# Boost Converter Basics

Every circuit we’ve talked about so far has some input voltage $V_{in}$, which is used to power the rest of the circuit. The important criteria to note is that whatever our power source is, we only go down from here. No matter what fancy combo of R, L, C, transistor, we put in, they all take some voltage to turn on. But what if we want to generate some higher voltage - if you give me 5V, how can I give you 10V back out? The answer to that is the **boost converter**.

Now unfortunately, this circuit is going to be one of those where we make some “intuitive” (read: known after the fact) guesses and then validate their correct-ness.

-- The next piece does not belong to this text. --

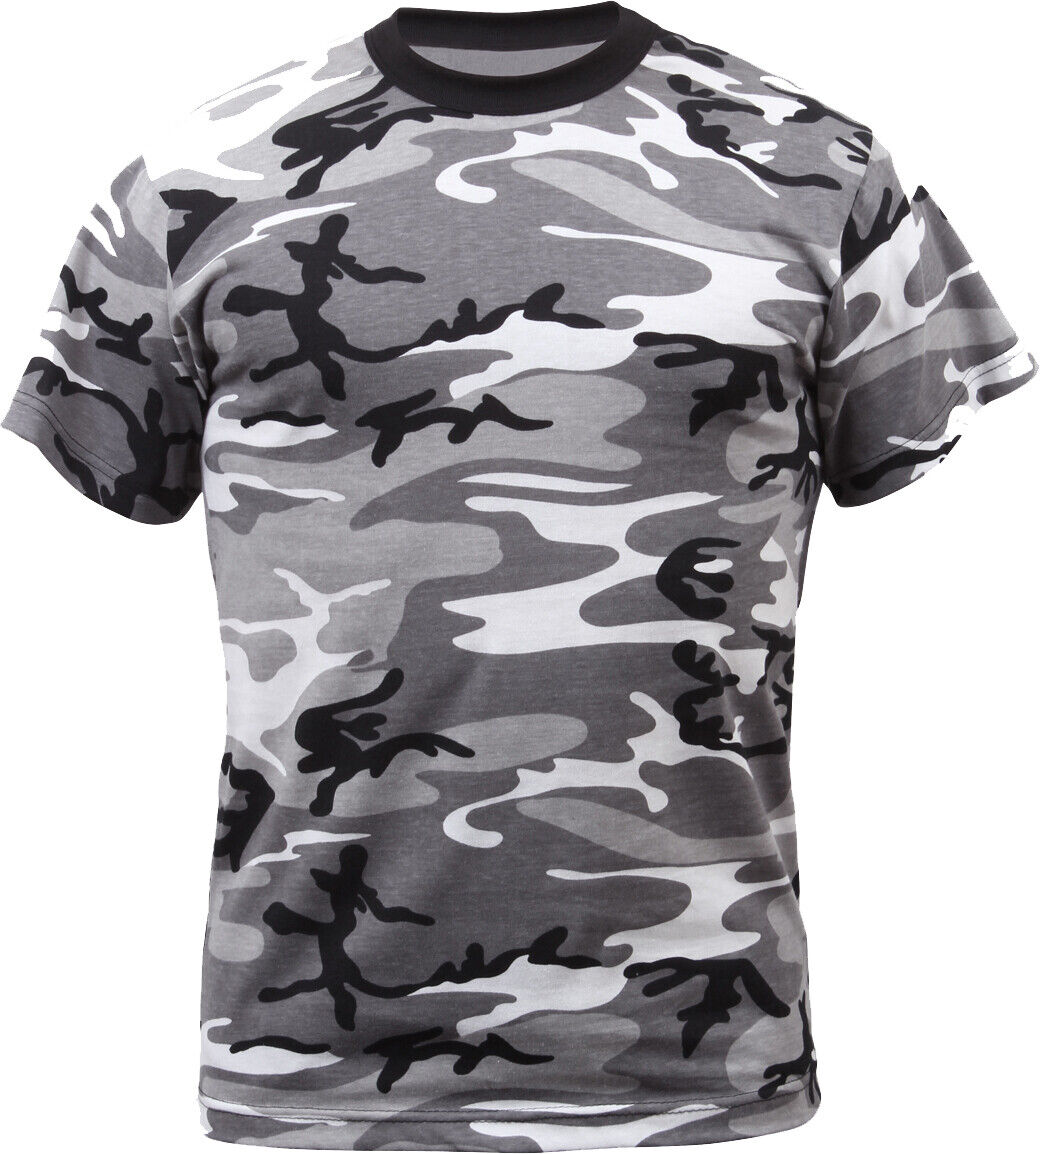 Camo T-Shirt Tactical Tee Short Sleeve Military Army Camouflage Uniform Fashion
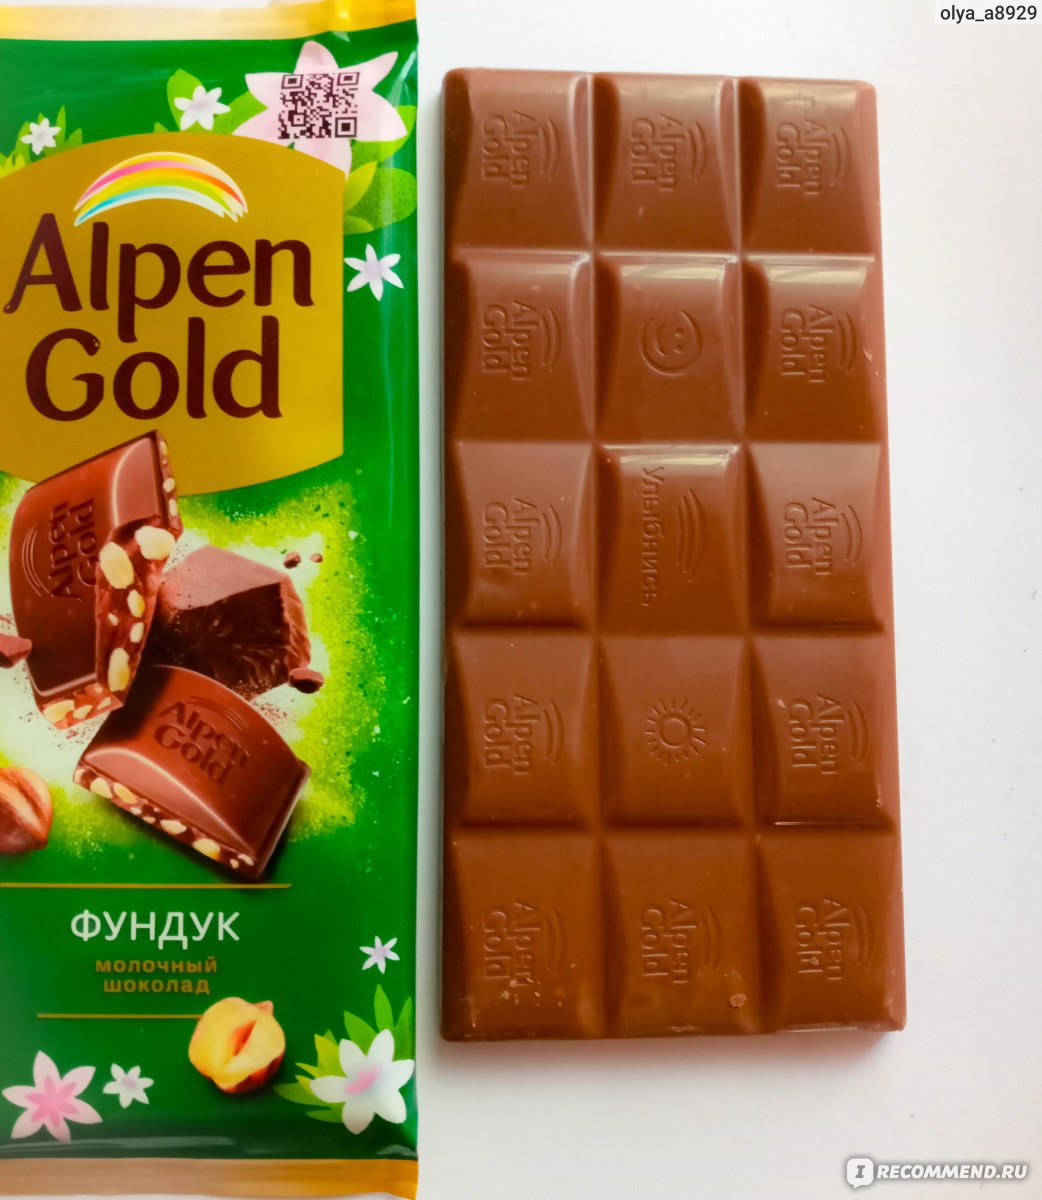 Alpen Gold шоколад 2013

Let’s derive how this gets us to some stepped up voltage. Our ideal switch (S1) has two states - open and closed. Since it’s ideal, closed will be a perfect short circuit, and open is a perfect open circuit. In the open state, we have one voltage loop going across the outside:

$$ V_{in} = V_L + V_D + V_{R||C} $$

Where the last term is the combined parallel impedance of the resistor and capacitor. Let’s start making some assumptions! For a DC circuit, the impedance of a capacitor is near infinity, so we can say $ V_{R||C} \approx V_R = V_{out}$ and ignore the capacitor. We can also buy very nice diodes that require only a super small voltage, so we can say $V_D \approx 0 $. Rewriting this version:

$$ V_L = V_{in} - V_{out}$$

Now let’s do the other half. With the switch closed, we short out the right half of the circuit, so there’s not much left:

$$ V_L = V_{in} $$

Now here’s the big trick: this circuit “should” be a DC-DC converter, so we should only be seeing DC at all times. Maybe different DC, but just DC nonetheless. Therefore, the inductor should have no voltage drop - at DC, an inductor has zero resistance. With some neat math concerning on/off times, we can get the following conclusion:

$$ V_{L,on} + V_{L,off} = 0 $$

$$ T_{on} V_{L,on} + T_{off} V_{L,off} = 0 $$

$$ DT_{total} V_{L,on} + (1-D)T_{total} V_{L,off} = 0 $$

$$ D V_{L,on} + (1-D) V_{L,off} = 0 $$

$$ D (V_{in}) + (1-D) (V_{in} - V_{out}) = 0 $$

$$ D V_{in} + V_{in} - V_{out} - DV_{in} + DV_{out} = 0 $$

$$ V_{in} = (1-D) V_{out} $$

$$ \dfrac{V_{out}}{V_{in}} = \dfrac{1}{1-D} $$

Where $D$ represents the percent of time we spent on in one time period. We have a special name for $D$ - the duty cycle of a wave. It’s represented as a decimal value - being high/low for equal times is $D=0.5$, always on is $D=1$, and always off $D=0$. Proving things in math is alright, but let’s do it in simulation.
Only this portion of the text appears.